Climate change poses major challenges globally and is likely to exacerbate competition for water, land, and energy resources. In the Main River Basin (Germany), this will have considerable consequences for agriculture, forestry, water, and energy management. At present, most adaptation measures are sector-focused, but the challenges are interconnected. The region is at risk for being pushed beyond its resilience threshold and therefore, a holistic and multi-sectoral strategy is urgently needed to achieve a new level of responsiveness to cope with climate change impacts.

The co-design and co-production of science-driven technical, social, and cross-sectoral innovations and governance is required to build new and climate resilient transformation pathways. A systemic transformation of the region requires time and broad societal support, which must be considered when formulating development paths. To address these challenges, Systems Innovation Approach (SIA) is implemented. This method aims at going beyond the immediate problems to better understand the underlying patterns, and how we can learn and adapt as the system continues to change. The Main River basin is one of the nine pilot areas of the EU funded ARSINOE project (Climate-resilient regions through systemic solutions and innovation) that are implementing innovative technological approaches. Stakeholders’ engagement is ensured through the so-called Living Labs. In the ARSINOE project, Living Labs are a participatory research tool often used in planning, product design and innovation which brings together a collective of key stakeholders to explore a focal issue. Living Labs act as open innovation spaces which foster co-creation with users and the focus is to better solve stakeholder needs.

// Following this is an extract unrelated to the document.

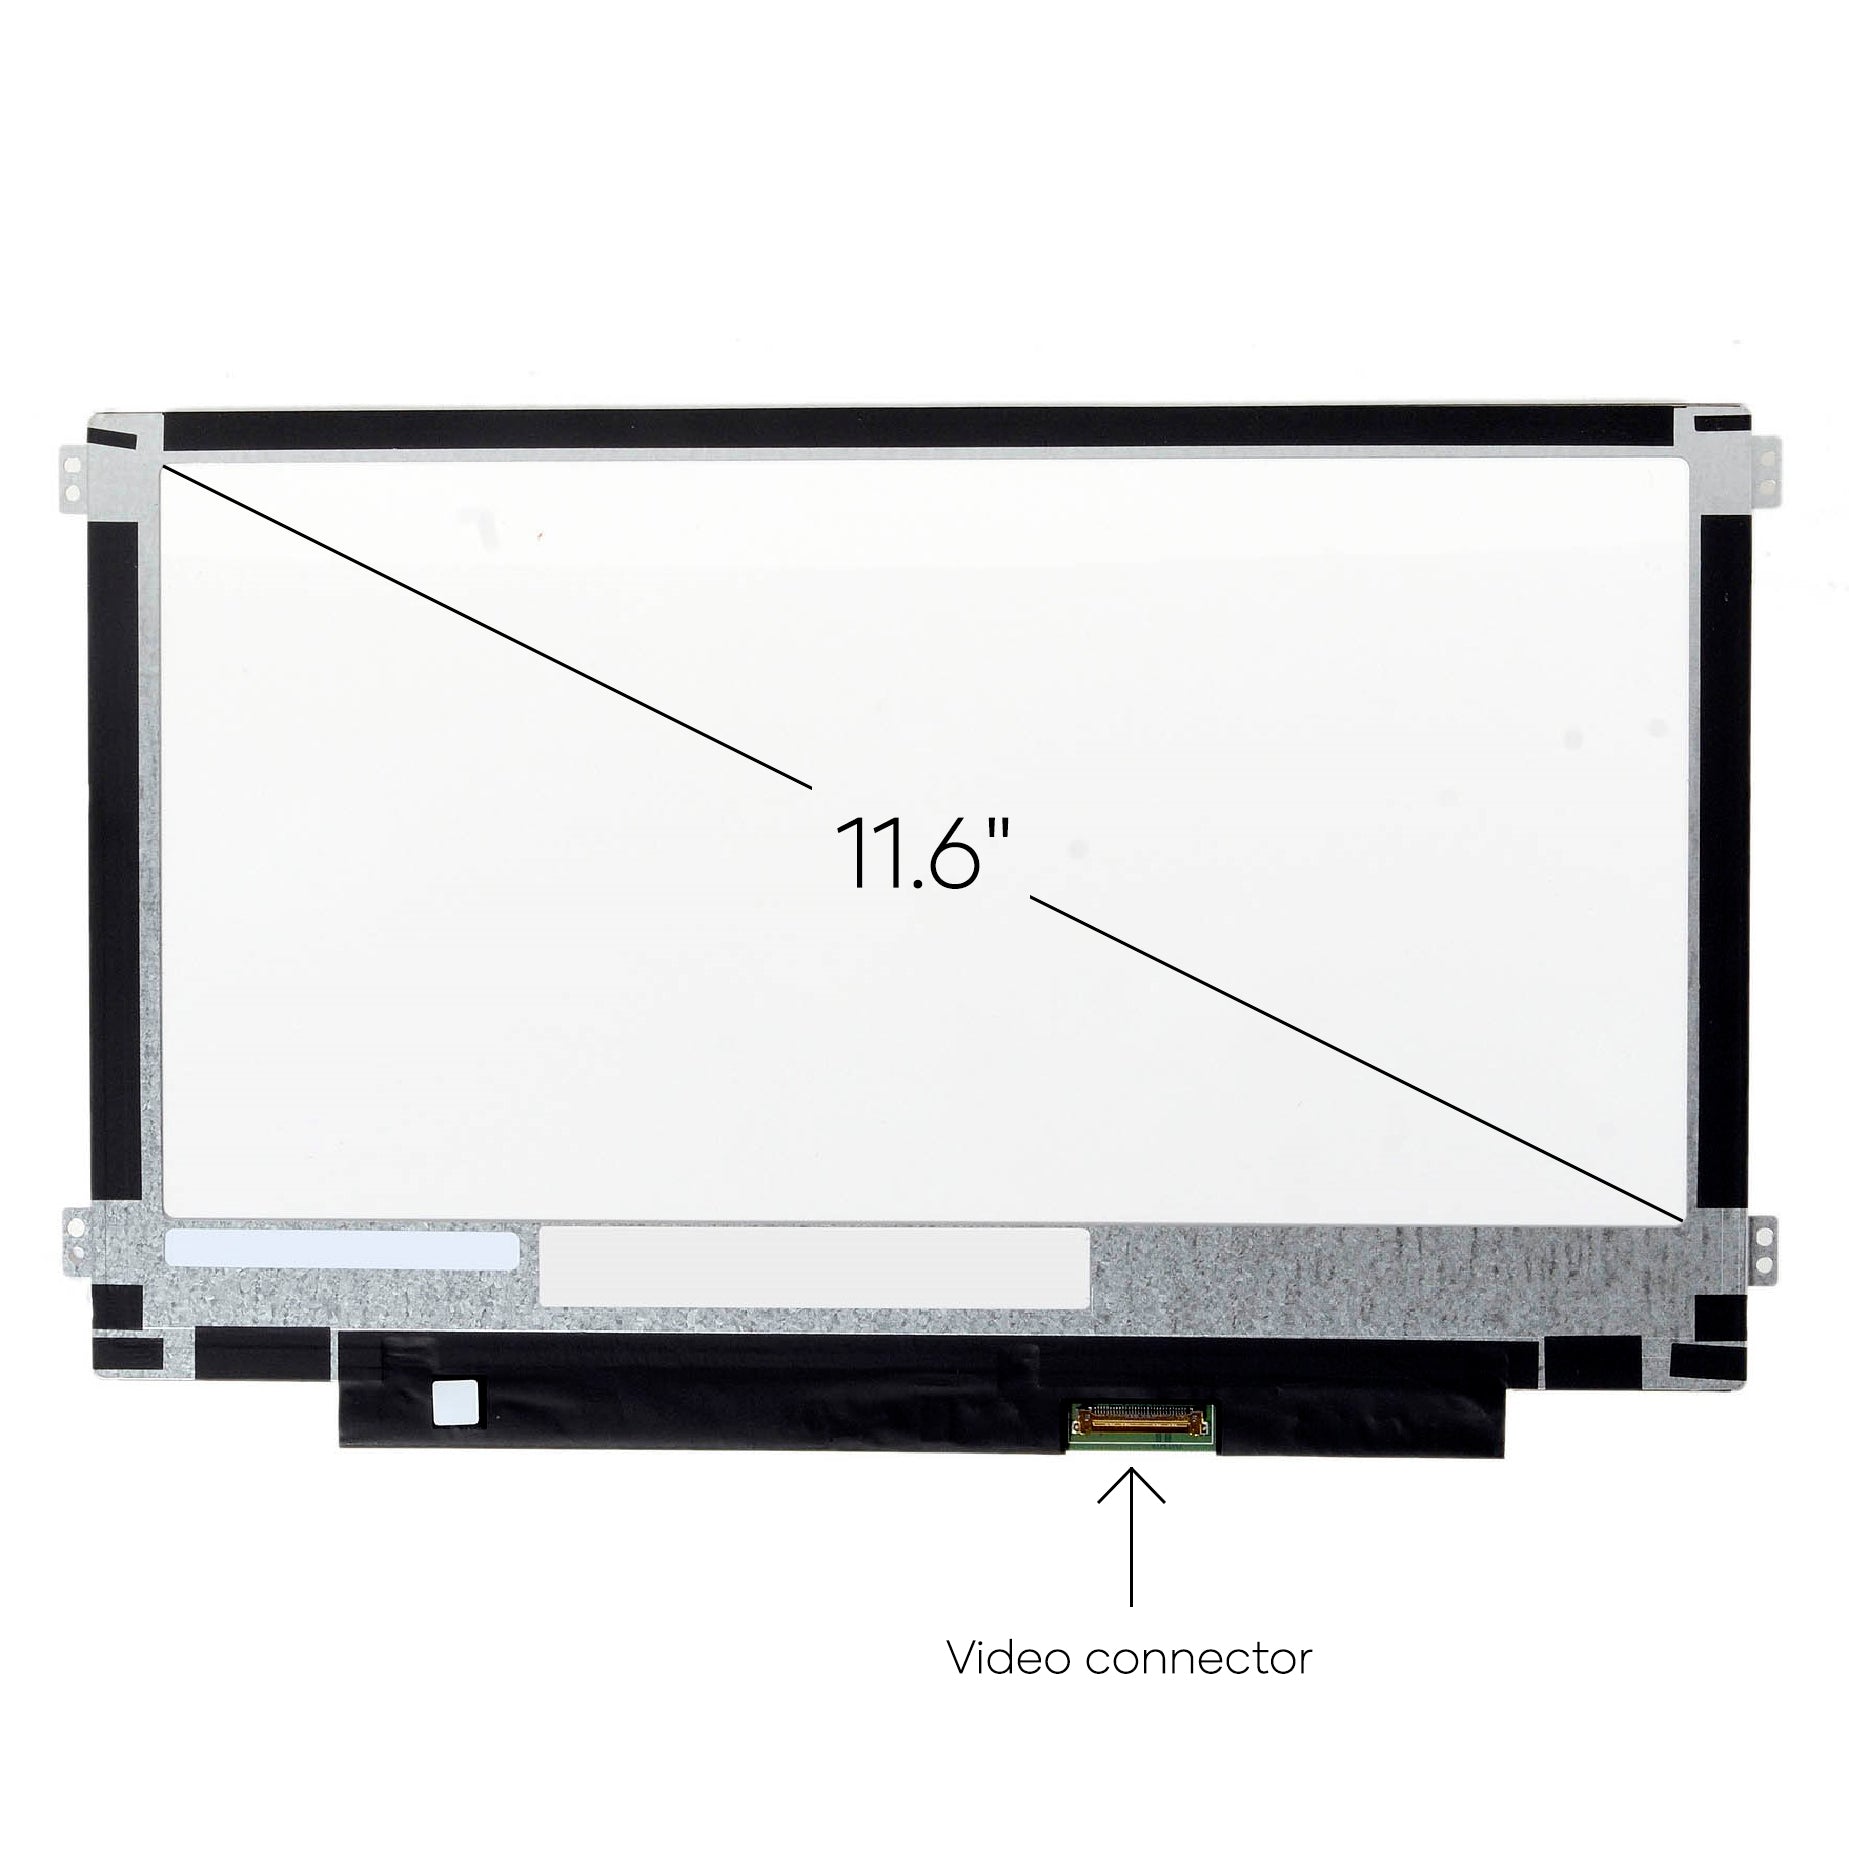 Screen Replacement for Samsung Chromebook XE500C12 HD 1366x768 Matte LCD LED Display

Through a series of workshops supported by SIA tools (mental mapping of interconnected challenges, future common vision using Sustainable Development Goals (SDGs) as guiding principles, backcasting) we have created an open atmosphere with committed participants that are willing to collaborate to tackle future climate challenges in the Main River region. This contribution presents our successful experience turning research into practice, lessons learnt and challenges we faced to ensure the participants’ engagement.

The presented study is supported by the project ARSINOE (GA: 101037424), funded under EU’s Horizon 2020 research and innovation programme.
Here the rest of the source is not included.